Table 1. Baseline demographic and clinical features at the time of psychosis diagnosis for the whole VLOP cohort, patients who developed dementia, patients who had 2+ core features of DLB at the time of dementia diagnosis, and patients with DLB-NLP

aComparison of all-cause dementia v. no dementia; bdementia with 2+ core features of DLB v. dementia with <2 core features of DLB; cDLB-NLP v. other cause dementia. Mann–Whitney test used to compare all non-parametric continuous data. In all remaining categorical comparisons χ2 test used unless the count was <5 denoted by §where Fisher's exact test was used. #Medication prescription in the 6 months before or after psychosis diagnosis as proxy for prevalent use at the time of index date; +frequency of patients scored as experiencing problems >2 in that domain; ^frequency of patients scoring >1 in this item. **Significant at the 1% level, p < 0.01, *significant at the 5% level p < 0.05.

In patients with VLOP who developed dementia, the most common index diagnosis was schizophrenia (F20: 39%, n = 76), followed by delusional disorder (F22: 36%, n = 71), acute psychotic disorder (F23: 9%, n = 18), nonorganic psychosis (F29: 9%, n = 17), and schizoaffective disorder (F25: 3%, n = 6).

Cognitive problems (scoring >1 in the HoNOS cognitive item) were present in 47.1% of the total cohort at baseline (n = 665), and patients who subsequently developed incident dementia had greater frequency of cognitive impairment at baseline than those who did not (all-cause dementia 62.1% v. no dementia 44.6%, χ2 = 20.4, p < 0.001) with significantly higher mean scores in the HoNOS cognitive items.

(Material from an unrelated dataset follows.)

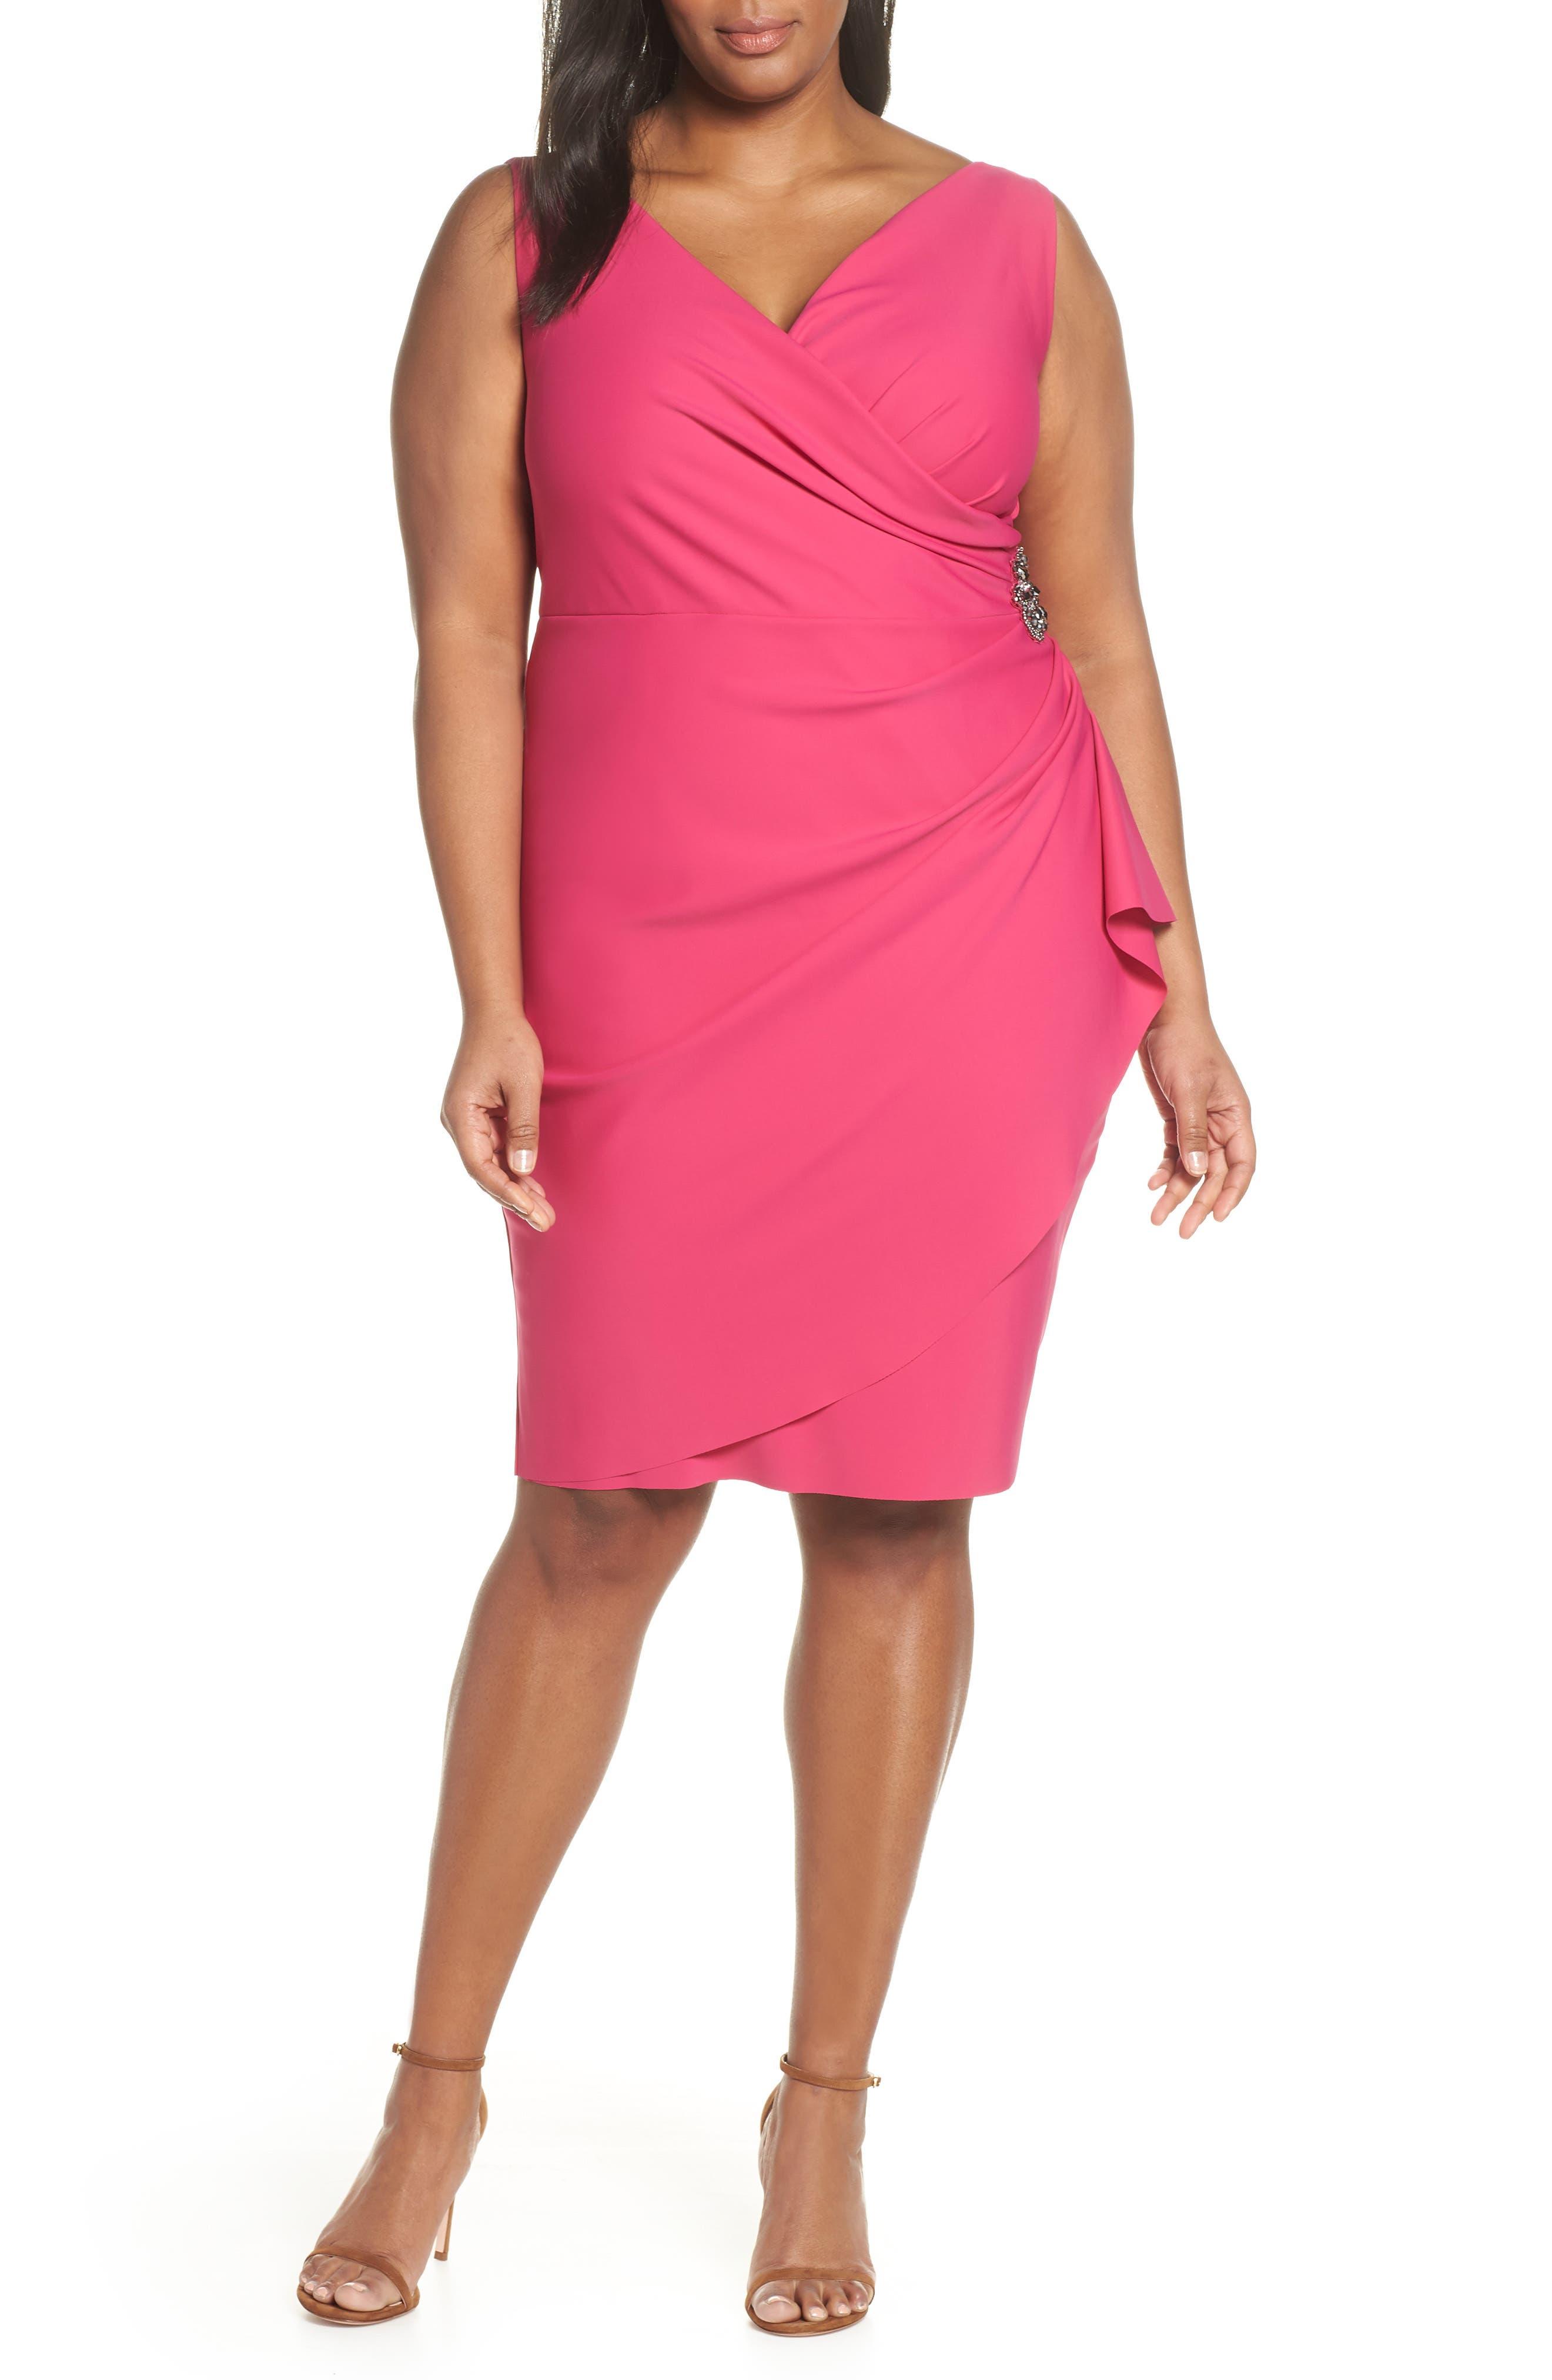 Plus Size Alex Evenings Embellished Surplice Sheath Dress, Pink

However, there was no significant difference in frequency of cognitive impairment at psychosis onset in patients with other causes of dementia and 2+ core features of DLB (2+ core features 66.0% v. other cause dementia 60.8%, χ2 = 0.40, p = 0.53) or DLB-NLP (DLB-NLP 75% v. other cause dementia 61.2%, Fisher's exact 0.54) (see Table 1).

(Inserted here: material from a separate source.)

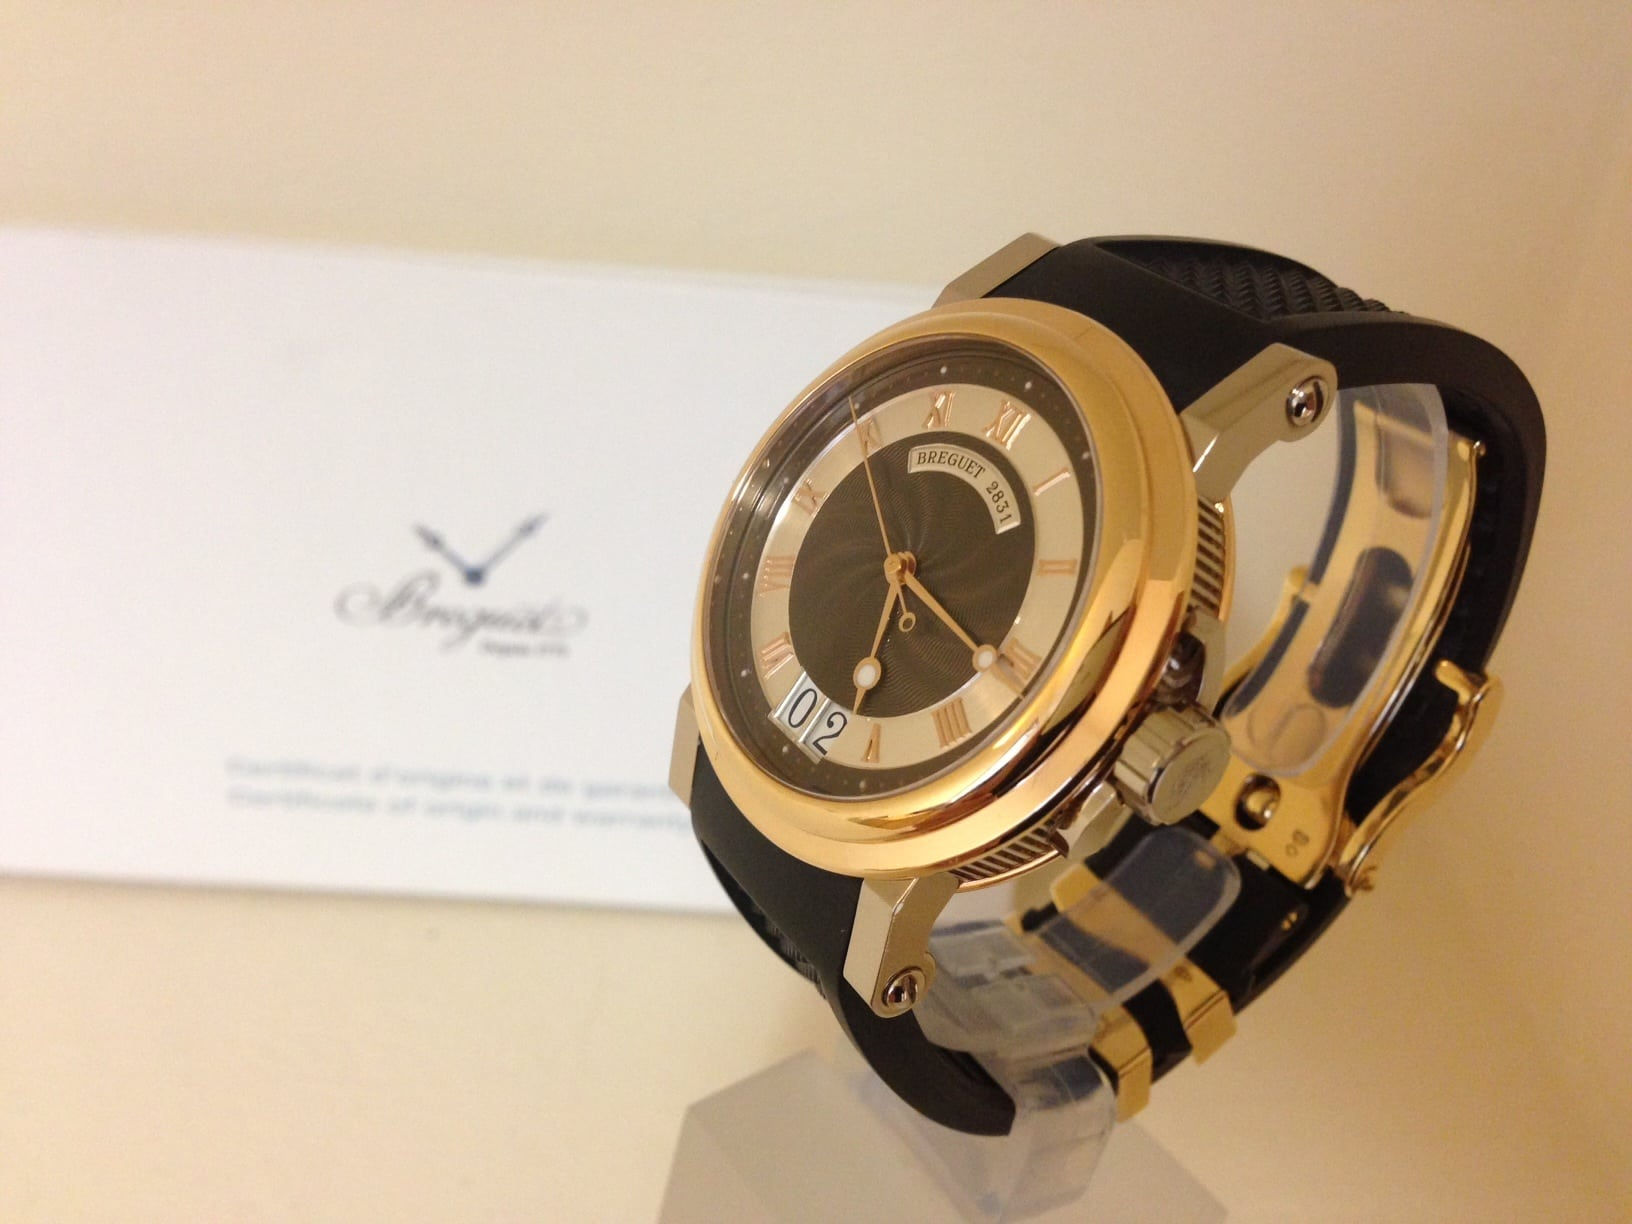 Breguet Marine rose/white gold 'big date' ref 5817

Visual hallucinations were present in almost a quarter of the total cohort at diagnosis of VLOP (n = 343; 24.1%) and, at the time of psychosis, there was no difference in frequency of VH in patients who did or did not develop dementia (all-cause dementia 26.4% v. no dementia 23.8%, χ2 = 0.68, p = 0.41) (see Table 1). However, VH were significantly more common at the time of psychosis in patients who later developed DLB-NLP or dementia with core features of DLB v. other causes of dementia (DLB-NLP 91.7% v. other cause dementia 22.2%, Fisher's exact p < 0.001; dementia with 2+ core features 45.8% v. other cause dementia 20.1%, χ2 = 12.3, p < 0.001) (see Table 1). Two or more core features of DLB were present at time of psychosis in 19.2% (n = 274) of the total cohort and were significantly more common at baseline in patients with dementia and core features of DLB (33% dementia with 2+ core features v. 15.4% other cause dementia, χ2 = 7.32, p = 0.007) or DLB-NLP (DLB-NLP 66.7% v. other cause dementia 16.8%, Fisher's exact p < 0.001) (Table 1).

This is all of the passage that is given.